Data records

= = = = = = =

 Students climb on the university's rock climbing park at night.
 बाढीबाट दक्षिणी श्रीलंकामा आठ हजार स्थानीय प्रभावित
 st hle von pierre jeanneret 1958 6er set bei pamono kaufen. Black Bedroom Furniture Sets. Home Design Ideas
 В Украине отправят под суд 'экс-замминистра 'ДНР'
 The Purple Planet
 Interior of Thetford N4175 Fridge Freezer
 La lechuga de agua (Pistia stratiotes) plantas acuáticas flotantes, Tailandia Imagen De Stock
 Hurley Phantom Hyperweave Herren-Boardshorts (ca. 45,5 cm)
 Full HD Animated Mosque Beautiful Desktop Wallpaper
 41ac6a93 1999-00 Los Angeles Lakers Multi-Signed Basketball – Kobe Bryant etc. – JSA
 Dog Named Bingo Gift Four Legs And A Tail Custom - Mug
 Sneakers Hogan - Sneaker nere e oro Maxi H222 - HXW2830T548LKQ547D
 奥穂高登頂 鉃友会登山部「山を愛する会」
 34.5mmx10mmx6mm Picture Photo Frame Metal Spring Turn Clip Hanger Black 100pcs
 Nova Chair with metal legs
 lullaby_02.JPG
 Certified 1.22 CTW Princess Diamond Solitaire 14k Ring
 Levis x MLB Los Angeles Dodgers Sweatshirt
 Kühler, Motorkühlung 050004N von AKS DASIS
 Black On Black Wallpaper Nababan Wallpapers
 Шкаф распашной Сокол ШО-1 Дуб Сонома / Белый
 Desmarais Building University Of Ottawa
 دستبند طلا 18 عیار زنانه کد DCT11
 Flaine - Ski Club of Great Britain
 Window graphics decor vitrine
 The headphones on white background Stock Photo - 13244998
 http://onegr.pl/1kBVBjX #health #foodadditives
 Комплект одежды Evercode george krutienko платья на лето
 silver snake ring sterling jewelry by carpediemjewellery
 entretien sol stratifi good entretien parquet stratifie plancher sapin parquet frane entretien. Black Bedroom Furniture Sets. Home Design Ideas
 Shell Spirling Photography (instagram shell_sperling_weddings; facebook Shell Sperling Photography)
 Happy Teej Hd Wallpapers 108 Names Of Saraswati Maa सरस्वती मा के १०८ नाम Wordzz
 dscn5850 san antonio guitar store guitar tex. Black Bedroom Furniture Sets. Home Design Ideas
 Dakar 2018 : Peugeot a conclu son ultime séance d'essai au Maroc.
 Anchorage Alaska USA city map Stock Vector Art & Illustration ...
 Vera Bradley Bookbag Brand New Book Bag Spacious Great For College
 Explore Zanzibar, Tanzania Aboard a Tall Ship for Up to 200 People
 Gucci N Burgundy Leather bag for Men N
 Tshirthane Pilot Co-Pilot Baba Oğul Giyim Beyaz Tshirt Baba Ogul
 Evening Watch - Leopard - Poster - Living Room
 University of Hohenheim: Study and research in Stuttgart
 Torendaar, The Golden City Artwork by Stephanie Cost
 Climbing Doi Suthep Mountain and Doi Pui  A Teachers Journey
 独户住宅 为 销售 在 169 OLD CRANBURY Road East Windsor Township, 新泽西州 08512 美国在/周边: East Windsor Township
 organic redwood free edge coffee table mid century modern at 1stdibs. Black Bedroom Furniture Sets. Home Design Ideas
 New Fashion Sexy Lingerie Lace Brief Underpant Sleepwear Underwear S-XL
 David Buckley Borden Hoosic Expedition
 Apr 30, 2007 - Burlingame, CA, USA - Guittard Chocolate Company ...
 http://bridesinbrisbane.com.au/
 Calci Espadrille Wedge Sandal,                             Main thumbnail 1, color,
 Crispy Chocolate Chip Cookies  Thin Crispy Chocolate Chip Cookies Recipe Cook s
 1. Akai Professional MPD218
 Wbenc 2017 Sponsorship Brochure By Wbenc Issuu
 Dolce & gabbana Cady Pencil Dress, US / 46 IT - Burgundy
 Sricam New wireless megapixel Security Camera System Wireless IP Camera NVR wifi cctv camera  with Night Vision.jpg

= = = = = = =

#### [Work to complete]
Starting at the line above that holds "34.5mmx10mmx6mm Picture Photo" and ending at the line that holds "http://bridesinbrisbane.com.au/", transcribe each line exactly and include no other lines.

#### [Your response]
 34.5mmx10mmx6mm Picture Photo Frame Metal Spring Turn Clip Hanger Black 100pcs
 Nova Chair with metal legs
 lullaby_02.JPG
 Certified 1.22 CTW Princess Diamond Solitaire 14k Ring
 Levis x MLB Los Angeles Dodgers Sweatshirt
 Kühler, Motorkühlung 050004N von AKS DASIS
 Black On Black Wallpaper Nababan Wallpapers
 Шкаф распашной Сокол ШО-1 Дуб Сонома / Белый
 Desmarais Building University Of Ottawa
 دستبند طلا 18 عیار زنانه کد DCT11
 Flaine - Ski Club of Great Britain
 Window graphics decor vitrine
 The headphones on white background Stock Photo - 13244998
 http://onegr.pl/1kBVBjX #health #foodadditives
 Комплект одежды Evercode george krutienko платья на лето
 silver snake ring sterling jewelry by carpediemjewellery
 entretien sol stratifi good entretien parquet stratifie plancher sapin parquet frane entretien. Black Bedroom Furniture Sets. Home Design Ideas
 Shell Spirling Photography (instagram shell_sperling_weddings; facebook Shell Sperling Photography)
 Happy Teej Hd Wallpapers 108 Names Of Saraswati Maa सरस्वती मा के १०८ नाम Wordzz
 dscn5850 san antonio guitar store guitar tex. Black Bedroom Furniture Sets. Home Design Ideas
 Dakar 2018 : Peugeot a conclu son ultime séance d'essai au Maroc.
 Anchorage Alaska USA city map Stock Vector Art & Illustration ...
 Vera Bradley Bookbag Brand New Book Bag Spacious Great For College
 Explore Zanzibar, Tanzania Aboard a Tall Ship for Up to 200 People
 Gucci N Burgundy Leather bag for Men N
 Tshirthane Pilot Co-Pilot Baba Oğul Giyim Beyaz Tshirt Baba Ogul
 Evening Watch - Leopard - Poster - Living Room
 University of Hohenheim: Study and research in Stuttgart
 Torendaar, The Golden City Artwork by Stephanie Cost
 Climbing Doi Suthep Mountain and Doi Pui  A Teachers Journey
 独户住宅 为 销售 在 169 OLD CRANBURY Road East Windsor Township, 新泽西州 08512 美国在/周边: East Windsor Township
 organic redwood free edge coffee table mid century modern at 1stdibs. Black Bedroom Furniture Sets. Home Design Ideas
 New Fashion Sexy Lingerie Lace Brief Underpant Sleepwear Underwear S-XL
 David Buckley Borden Hoosic Expedition
 Apr 30, 2007 - Burlingame, CA, USA - Guittard Chocolate Company ...
 http://bridesinbrisbane.com.au/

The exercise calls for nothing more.